Franklin also kicked seven against Carlton at the SCG in 2015 to replicate Barry Hall’s seven at Princes Park in 2002, while the same pair also had games of six goals against the Blues. Carlton’s best in the same period is six goals to the credit of Brendan Fevola at Princes Park in 2003 and Charlie Curnow at Docklands last year. The Blues’ best at the SCG this century is Eddie Betts’ four in 2011.

Brownlow Votes

The Swans lead the Brownlow votes in games between the clubs in this period 132-54, polling 66 times to the Blues’ 27, and 22-9 in three-vote ratings. Adam Goodes heads the individual vote, polling seven times for 14 votes, while Josh Kennedy and Lance Franklin have each polled five times for 10 votes. Jude Bolton has been best afield three times for nine votes, while Brett Kirk, Isaac Heeney and Ryan O’Keefe had polled eight votes against Carlton. Patrick Cripps, with four two-vote games in 2016 and 2019, ’20 and ‘21, leads the Blues’ vote from Matthew Kreuzer and Kade Simpson (6).

Nic Newman polled three votes in his first game for Carlton against Sydney at the SCG in 2019, when he had 32 possessions in a seven-point win for the visitors, while George Hewett polled one vote in his first game against the Swans last year after picking up 32 possessions in a 15-point Carlton win at Marvel Stadium.

Possession Records

Jarrad McVeigh holds the record for most possessions in a Sydney v Carlton game this century, having had 42 in a 24-point Swans win in a 2013 semi-final at Stadium Australia.

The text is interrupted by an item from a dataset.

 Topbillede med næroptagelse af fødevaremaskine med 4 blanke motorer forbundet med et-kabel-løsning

This came a year after Josh Kennedy had 41 at the SCG in a 71-point home-and-away win in 2012.

Carlton’s best against Sydney in the same era has been Anthony Koutoufides’ 39 at Princes Park in 2000, and Sam Docherty’s 39 at the MCG in 2017. Their best at the SCG is ex-captain Kade Simpson’s 34 possessions in 2016.

Biggest Wins & Losses, Highest & Lowest Scores

The Swans have out-scored the Blues 13-6 in 100-point scores, and 8-1 in wins by 50 points or more this century. Their biggest win was by 92 points at the SCG in 2006, when Adam Goodes was best afield with 26 possessions and four goals. Carlton’s biggest win was by 61 points at Marvel Stadium in Dan Hannebery’s debut in 2009. Their highest score was 25.12 (162) at the SCG in 2007, and the lowest was 8.4 (52) at Carrara in the shortened games of 2020.

Carlton Form Guide

The Blues started the 2023 season with a draw against Richmond and three wins over Geelong (8pts), GWS (10pts) and North (23pts) and beat an understrength West Coast by 108 points in Perth in Round 7. They’ve lost to Adelaide (56pts), St Kilda (22pts), Brisbane (26pts), Western Bulldogs (20pts) and Collingwood in front of 80,354 at the MCG last Saturday.

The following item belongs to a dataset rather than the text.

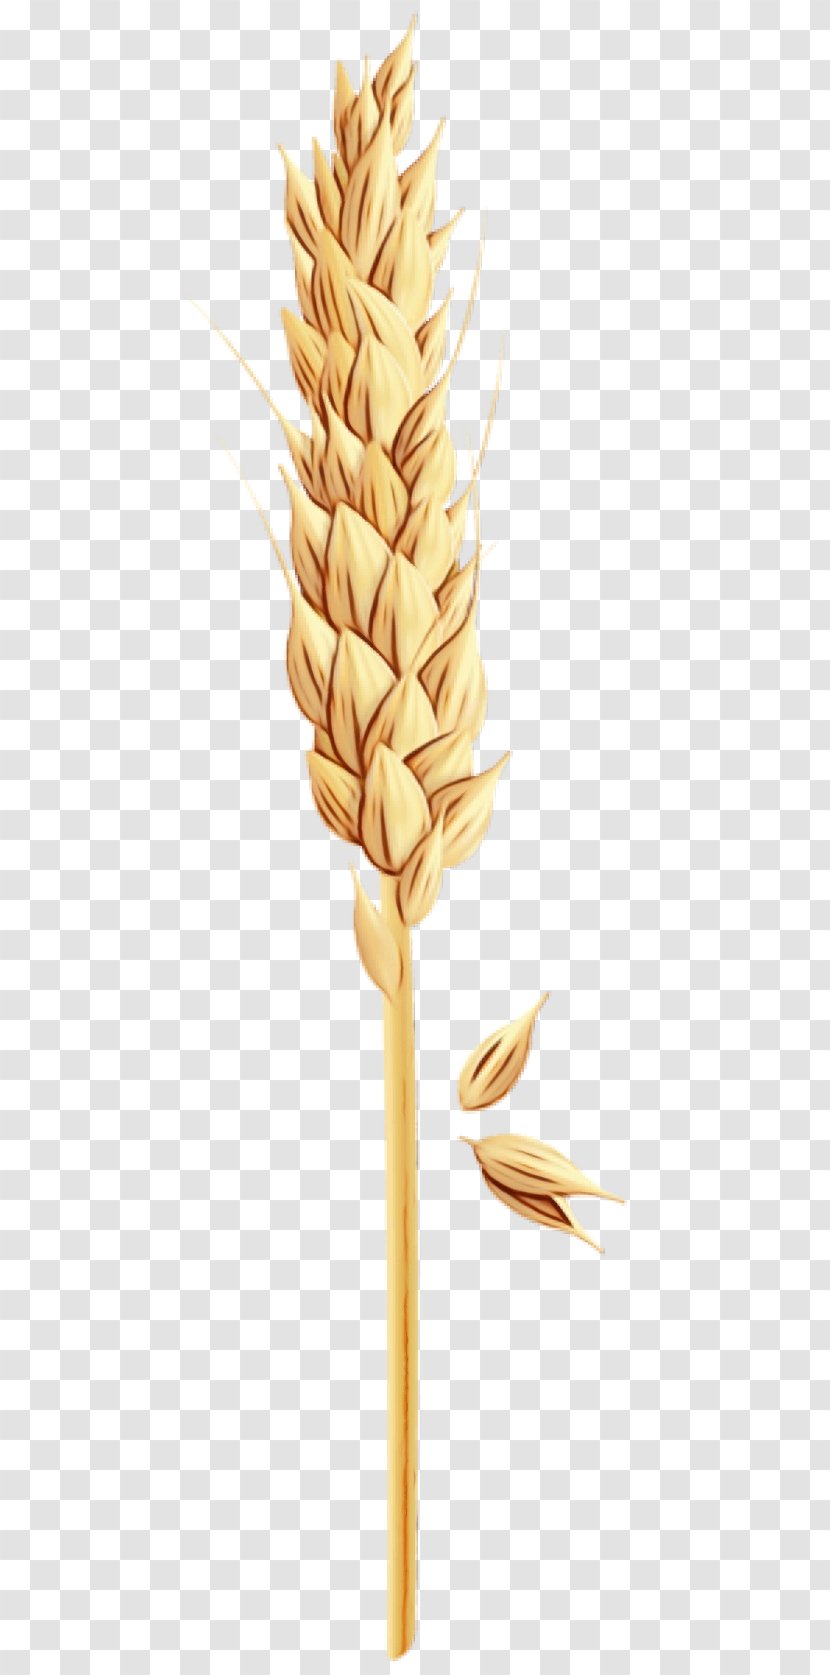 Wheat - Watercolor - Food Grain Transparent PNG

Sam Walsh, who missed the first four games of the season following off-season back surgery, has averaged 29.8 possessions a game since his return to be the Blues’ No.1 ball-winner ahead of Patrick Cripps (27.9), Sam Docherty (27.3), Adam Cerra (27.0) and Blake Acres (25.22). Charlie Curnow, the reigning Coleman Medalist, has again been the competition’s leading goal-kicker this season with 36 goals in 10 games. Harry McKay, the 2021 Coleman Medalist, has kicked 14 goals, while Matt Owies has 11 in five games, and Corey Durdin 10 in nine games.

Curnow (28 votes), Cripps (22) and Nic Newman (15) have been Carlton’s leading vote-getters in the AFL Coaches Association Player of the Year Award.